Além disso, Isaac del Toro perdeu os Clássicos das Ardenas devido a uma ruptura muscular na coxa direita após uma queda no País Basco de Itzulia. Ele agora corre no Tour Auvergne – Rhône-Alpes. E, por fim, João Almeida sofre de uma grave doença viral, que lhe esgotou completamente as forças e durante algum tempo teve que parar completamente de treinar. Ele também participa do Tour Auvergne, mas parece uma sombra do que tem de melhor.

Então, quem pode ajudar Pogačar no Tour?

Esta tempestade de azar influenciou a seleção dos pilotos que ajudarão Tadej Pogačar a vencer o seu quinto Tour de France este ano. A equipe foi forçada a abandonar seus planos originais e lutar para montar uma escalação revisada.

A ausência de Soler é um golpe significativo. Desde que veio da Movistar em 2022, ele não perdeu um único Tour e tem sido um dos nacionais mais confiáveis ​​de Pogačar, incansável nas montanhas e frequentemente oferecido como piloto satélite. Sua ausência também é uma decepção pessoal porque o percurso da corrida passa por sua cidade natal.

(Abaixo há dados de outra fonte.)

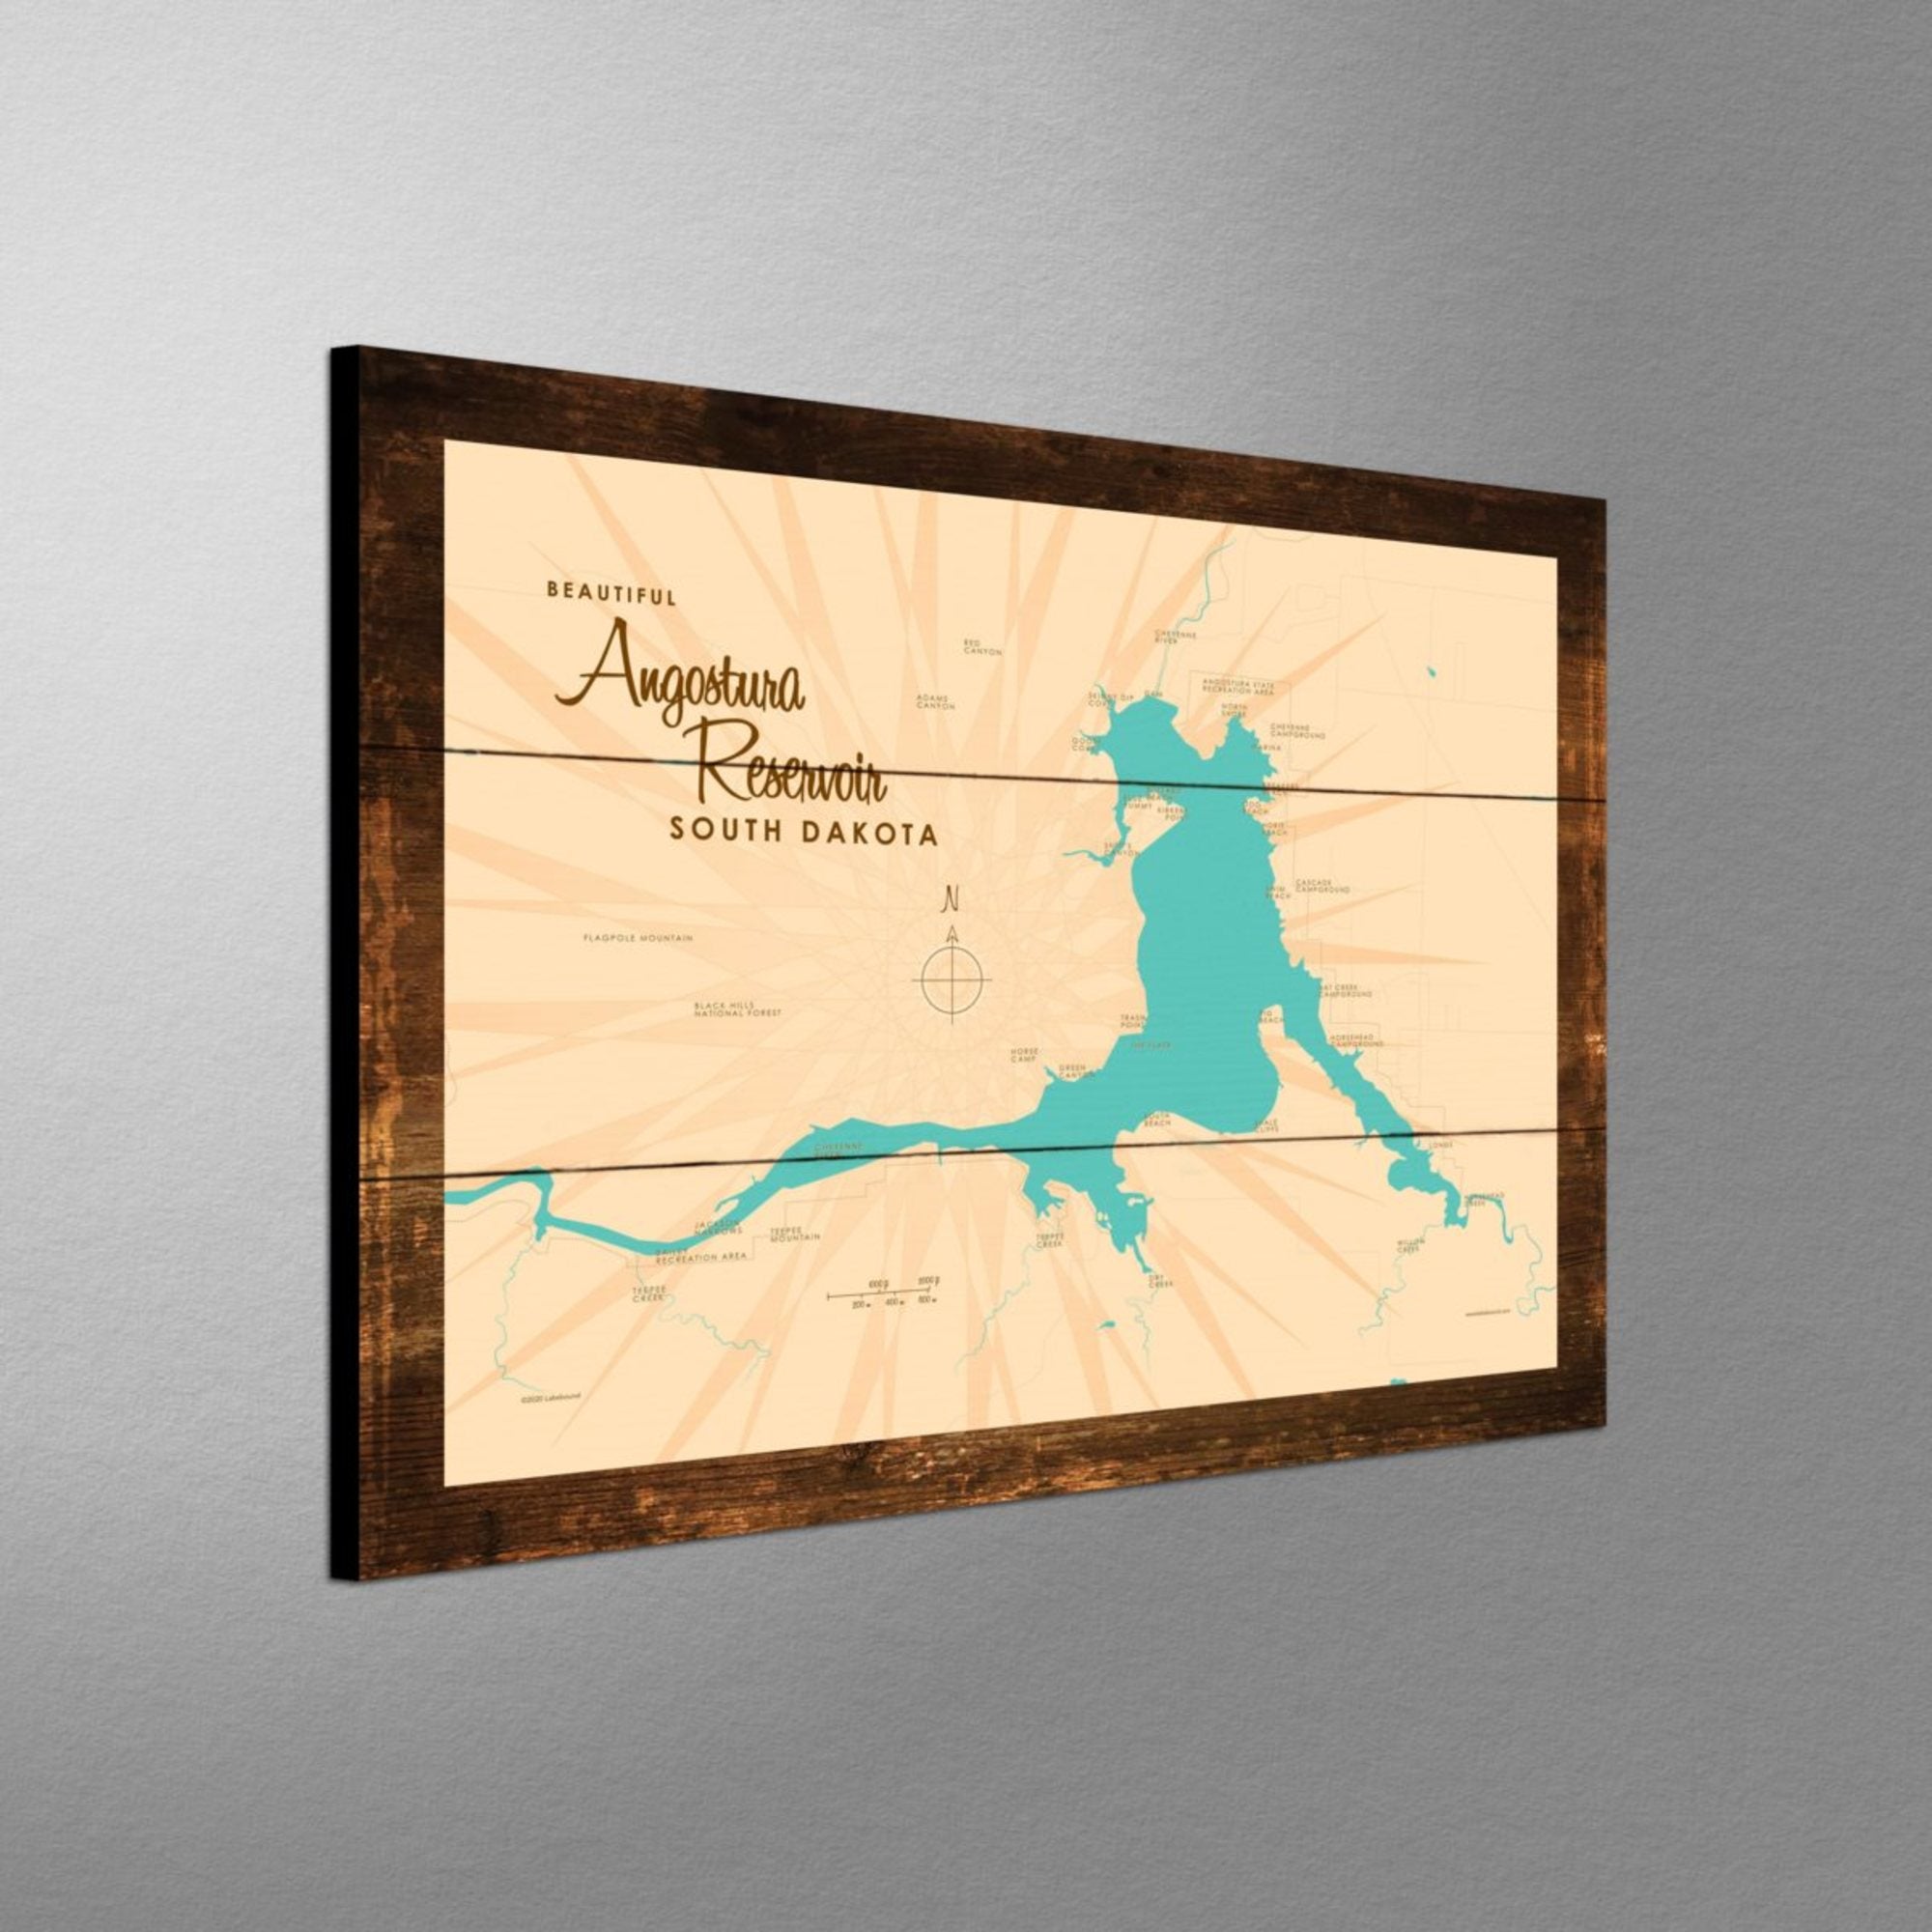 Angostura Reservoir South Dakota, Rustic Wood Sign Map Art

As perspectivas são promissoras para outro piloto veterano importante. “Adam Yates está bem e esperamos que esteja em boa forma para o Tour”, disse Matxín. Mas isso parece mais uma ilusão do que uma certeza. Seria difícil substituir Yates e sua ausência significaria que dois dos principais veteranos da equipe não estariam no Tour. Isso abriria vagas para dois pilotos fortes, mas não comprovados, como Jan Christen, de 21 anos, que parecia muito bem no Giro, ou Pablo Torres, de 20 anos.

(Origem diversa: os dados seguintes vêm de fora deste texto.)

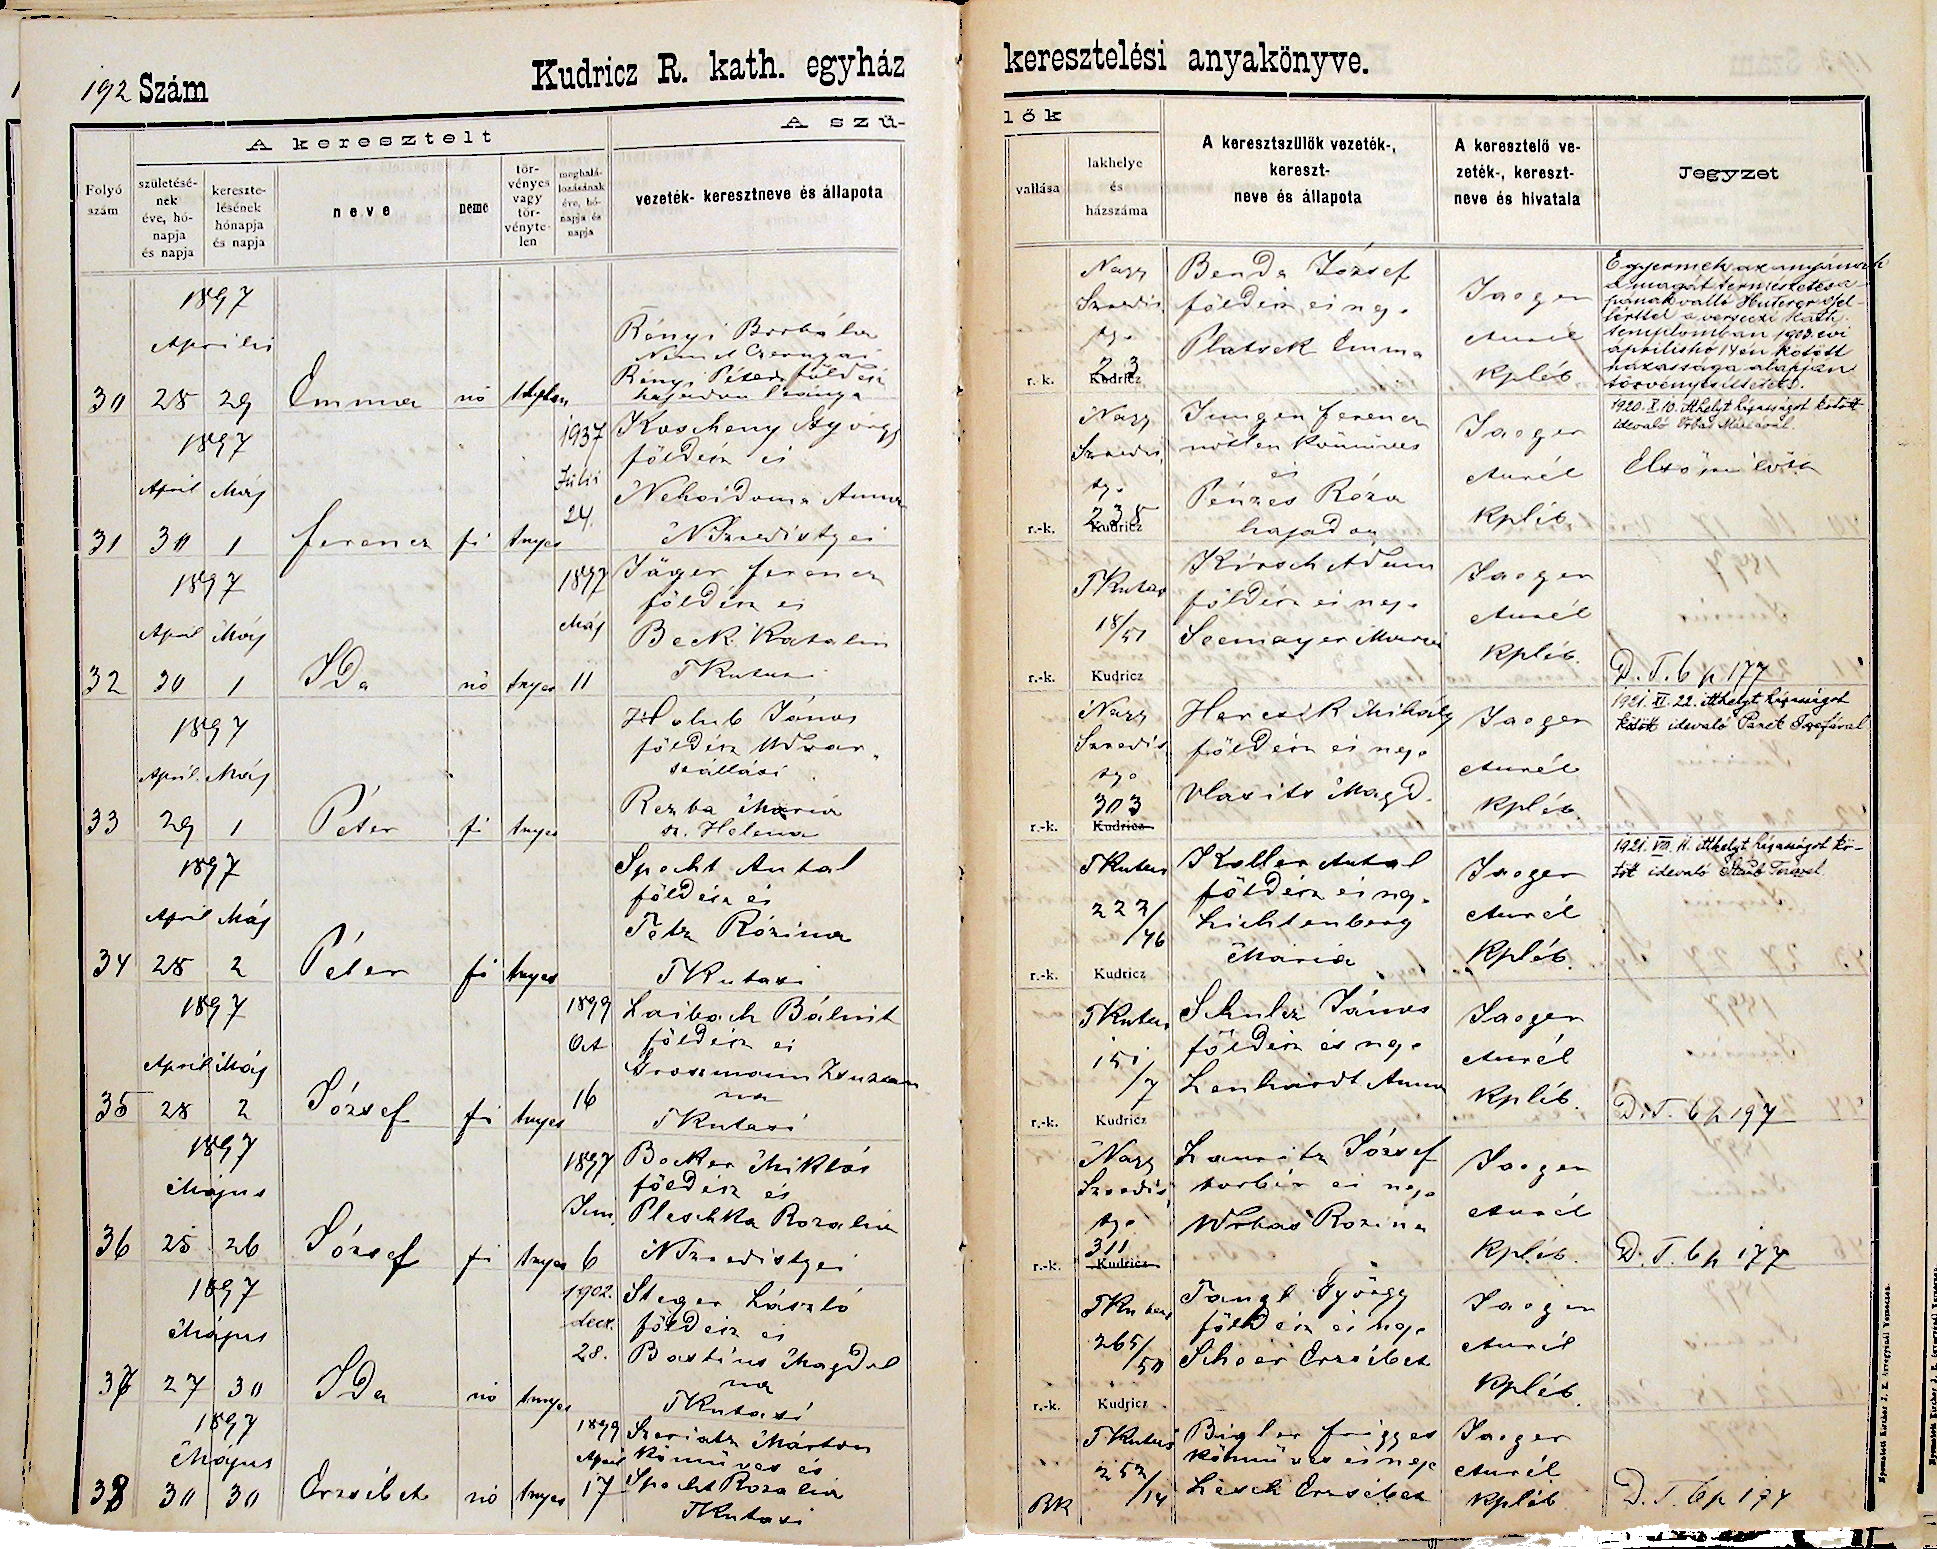 images/church_records/BIRTHS/1884-1899B/1897/192

E há também o fantástico del Toro, de 22 anos. Ele deveria originalmente se preparar para o Tour em corridas menores. Mas a colisão com Itzulia fez com que ele perdesse mais de dois meses de corrida. No momento em que este artigo foi escrito, não havia etapas de montanha significativas no Tour Auvergne, por isso era impossível avaliar a sua forma. No entanto, houve um contra-relógio da equipe na terça-feira, no qual ele e os Emirados Árabes Unidos terminaram em um decepcionante nono lugar, mais de um minuto atrás do vencedor, Visma – Lease a Bike.

Boas notícias – mas. . .

A boa notícia para a equipa é que alguns dos pilotos que anteriormente ajudaram o esloveno a vencer o Tour estão prontos. Pavel Sivakov e Brandon McNulty provavelmente serão os últimos assistentes de montanha antes de del Toro trazer Pogačar para a plataforma de lançamento para seus movimentos solo, enquanto Nils Politt, um Wellens totalmente recuperado e Bjerg cuidarão da direção do pelotão e das fugas em planícies quando necessário. Bjerg também é um escalador forte e levou Pogačar e os Emirados Árabes Unidos a treinar nas encostas mais baixas de subidas difíceis.

Embora a equipe esteja otimista, nada foi decidido de forma definitiva e nada definitivo será anunciado até o último minuto. “Esta temporada é exigente, mas acredito que chegaremos ao Tour com a equipa mais forte”, disse o diretor desportivo Andrej Hauptman à RTV SLO. “Ainda temos que esperar para ver como vai a recuperação de alguns pilotos e vamos esperar até o último minuto para selecionar aqueles que estão realmente mais bem preparados”.

Mas uma coisa é certa: Pogačar terá um trem de montanha um pouco mais jovem e inexperiente do que até agora. Isso pode ser mais importante do que nunca, já que o velho inimigo Jonas Vingegaard (Visma – Lease a Bike) parecia a melhor forma de sua vida ao vencer cinco etapas e o GC no Giro. E a sua equipa foi impressionante, controlando as etapas à vontade e preparando-o sempre na perfeição para as subidas vitoriosas.

E ainda há os desafios desconhecidos apresentados por Remco Evenepoel, da Red Bull–BORA–hansgrohe, que chega à corrida depois de mais de dois meses de treino intenso, mas sem corrida, e Paul Seixas (Decathlon CMA CGM), que parece a segunda vinda de Pogie, mas tem apenas 19 anos.

Sempre acreditei que Pogačar é um piloto tão superior que pode vencer o Tour mesmo com uma equipa mais fraca. Mas não consigo deixar de pensar em Jay Vine e naquele canguru.